• Data
┌────────

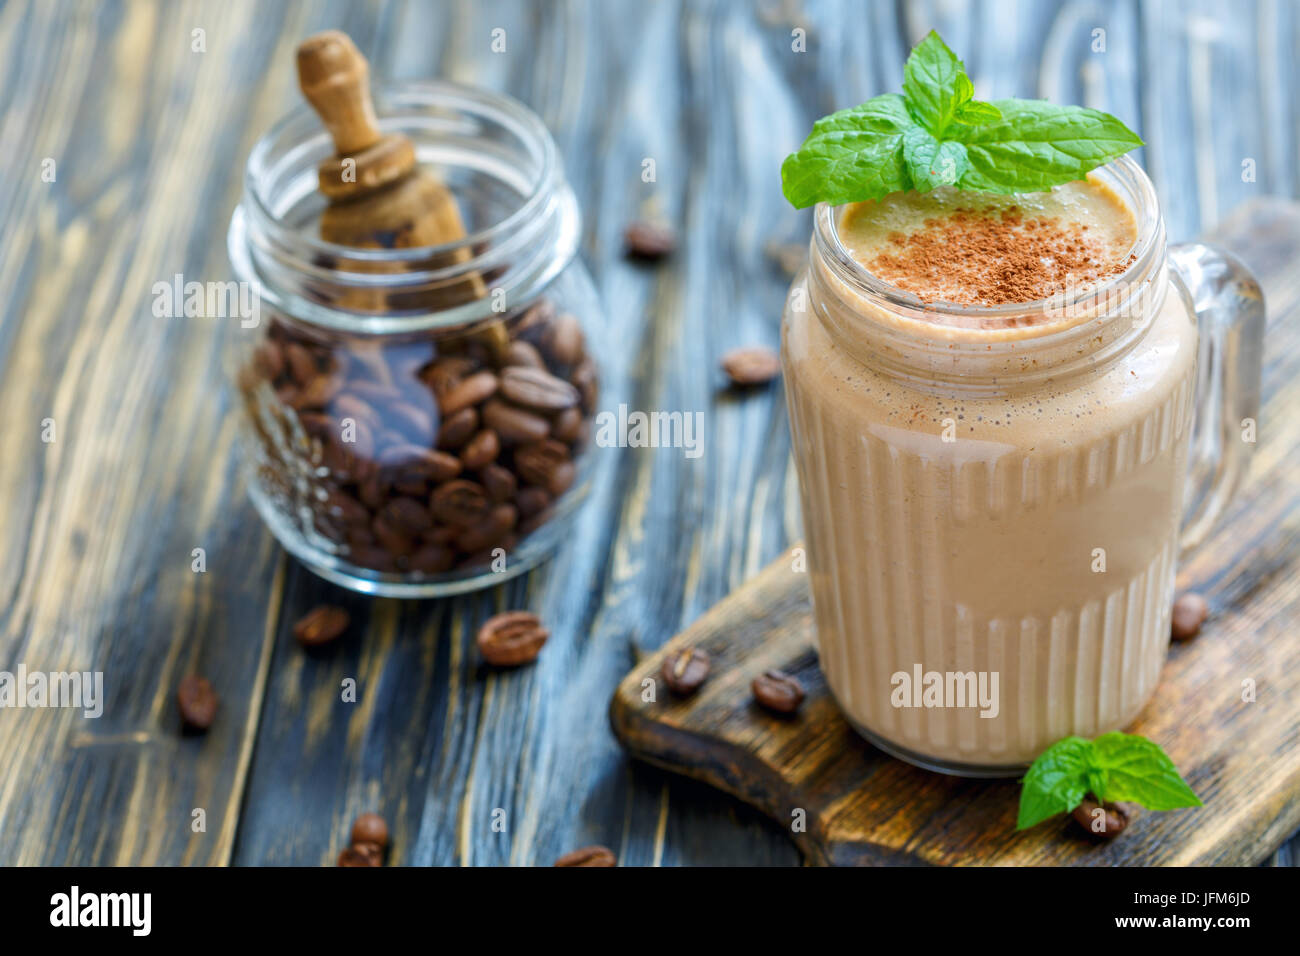 Coffee smoothie with banana and yogurt in a glass jar. Stock Photo
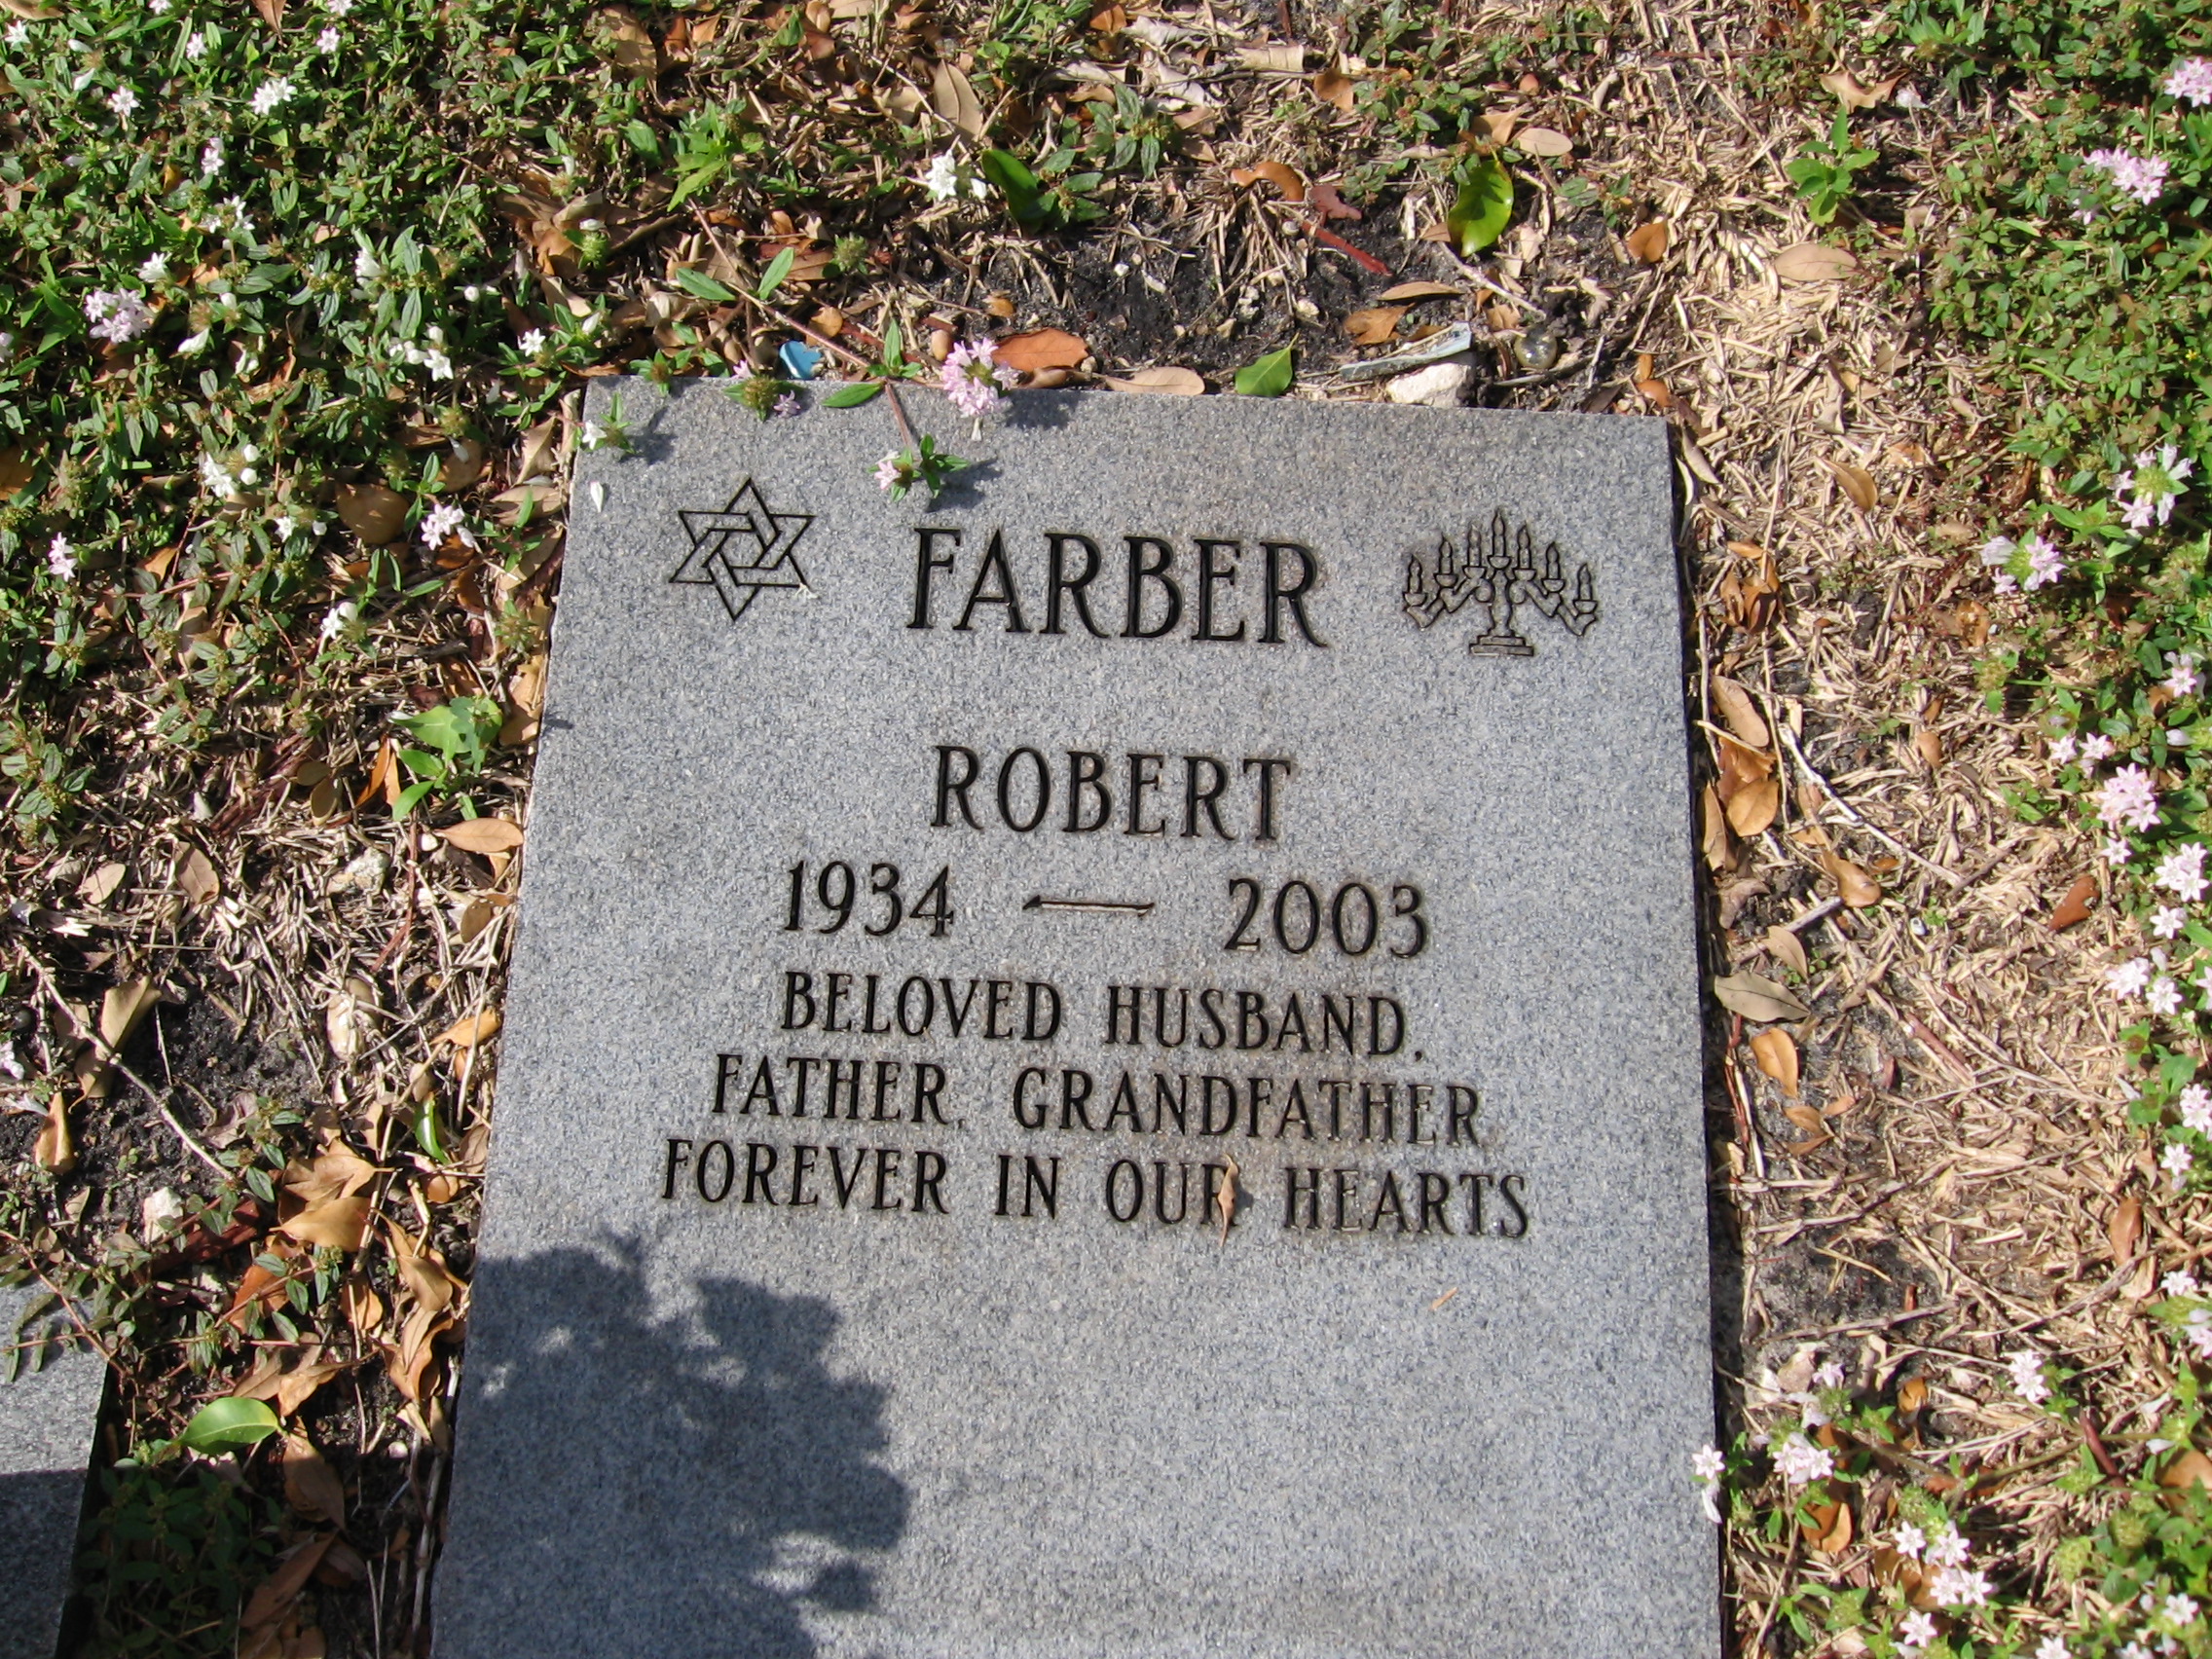 Robert Farber
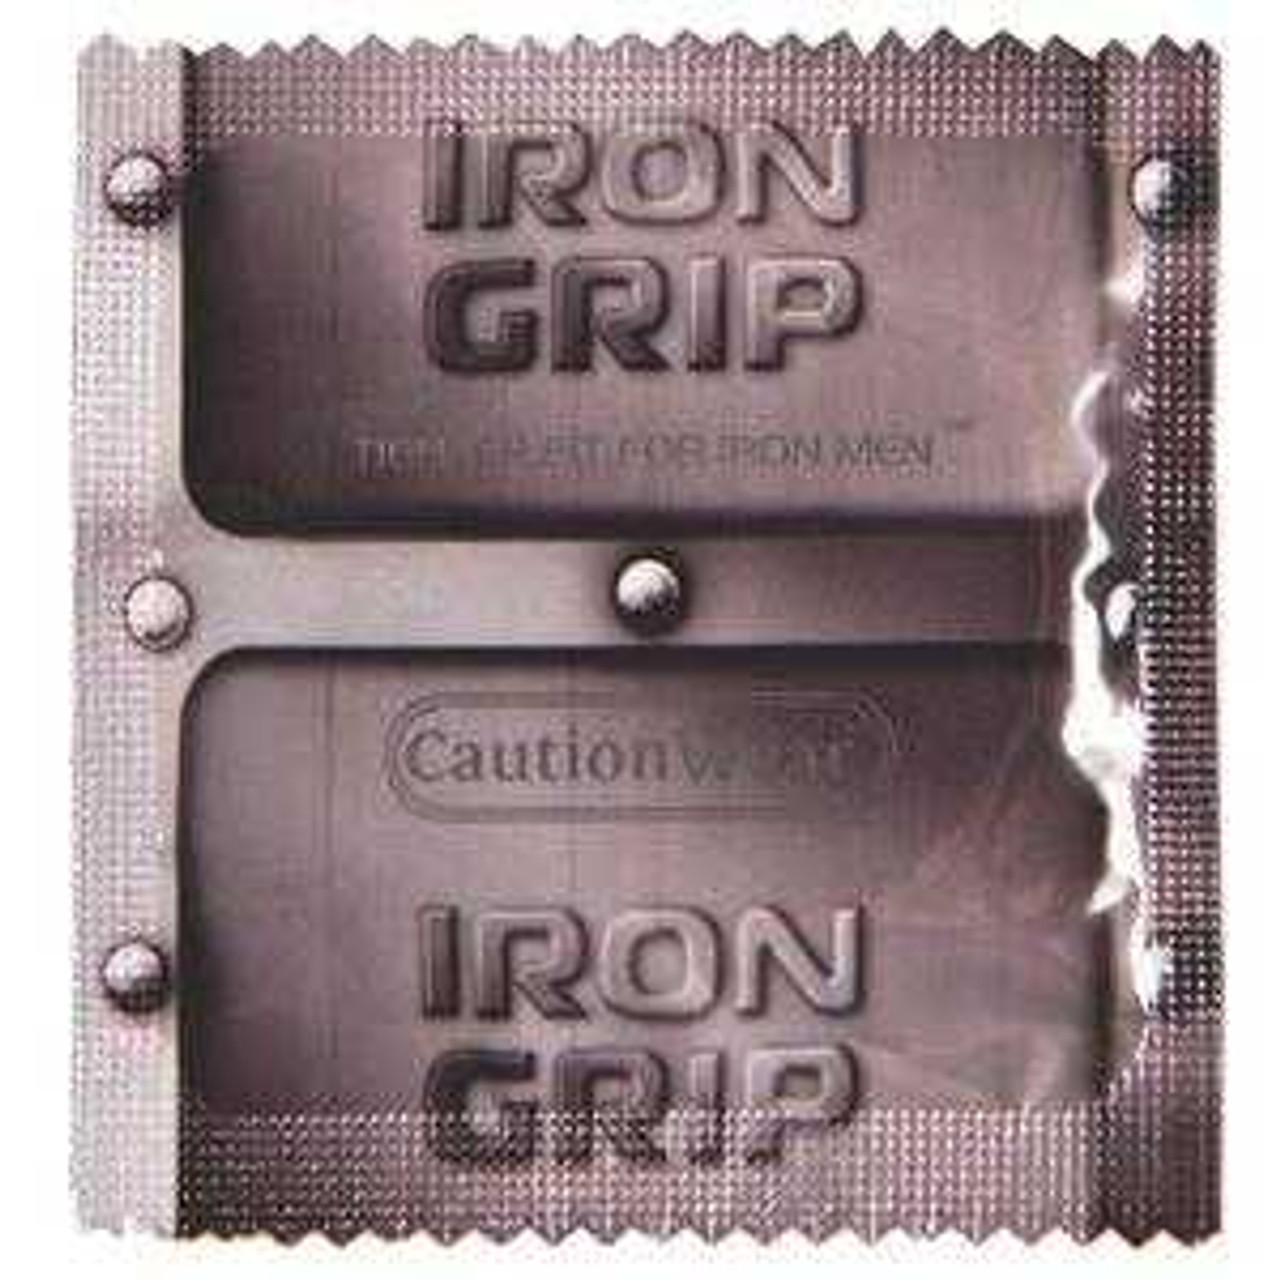 Caution Wear Iron Grip Condoms | Buy Caution Wear Condoms Online at CondomDepot.com
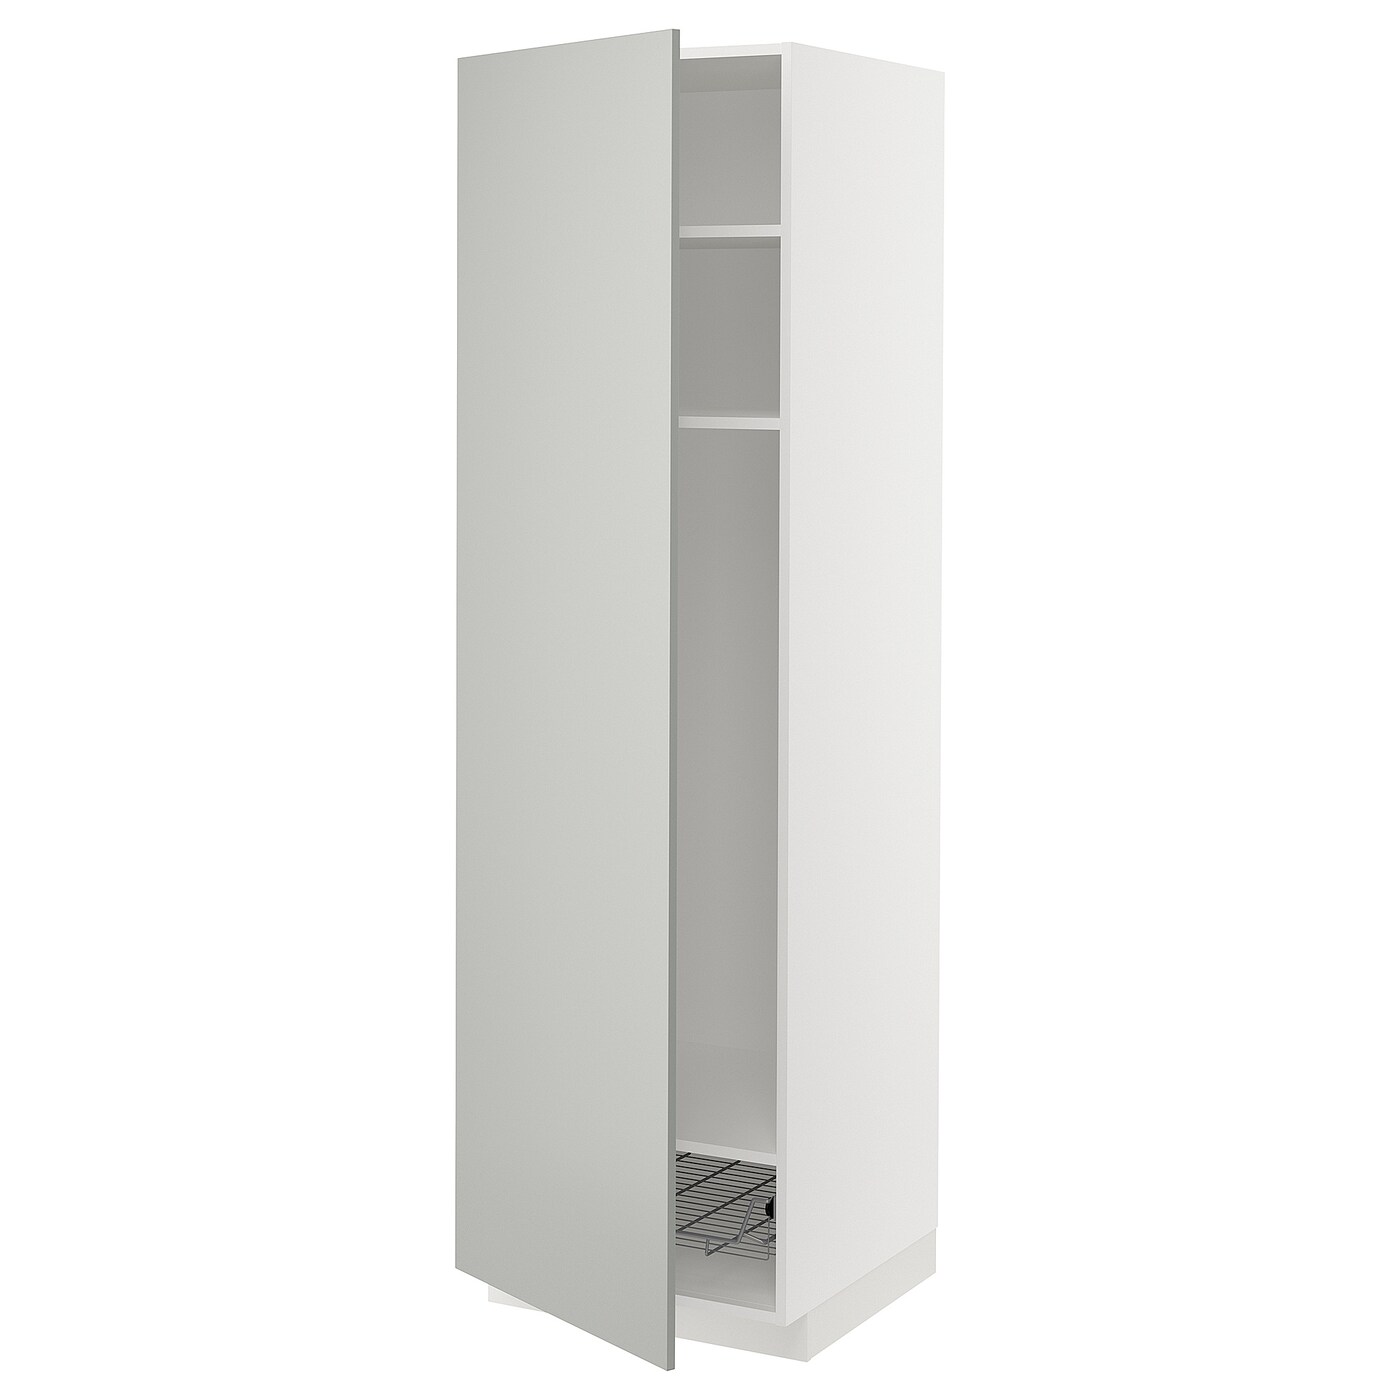 Высокий кухонный шкаф - IKEA METOD/МЕТОД ИКЕА, 200х60х60 см, белый/серый

└────────

• What is needed
Starting with the line that contains "Caution Wear Iron" and ending with the last line of the material, every line must be written out exactly; no other lines and no pictures are wanted.

• Output for this task
 Caution Wear Iron Grip Condoms | Buy Caution Wear Condoms Online at CondomDepot.com
 Высокий кухонный шкаф - IKEA METOD/МЕТОД ИКЕА, 200х60х60 см, белый/серый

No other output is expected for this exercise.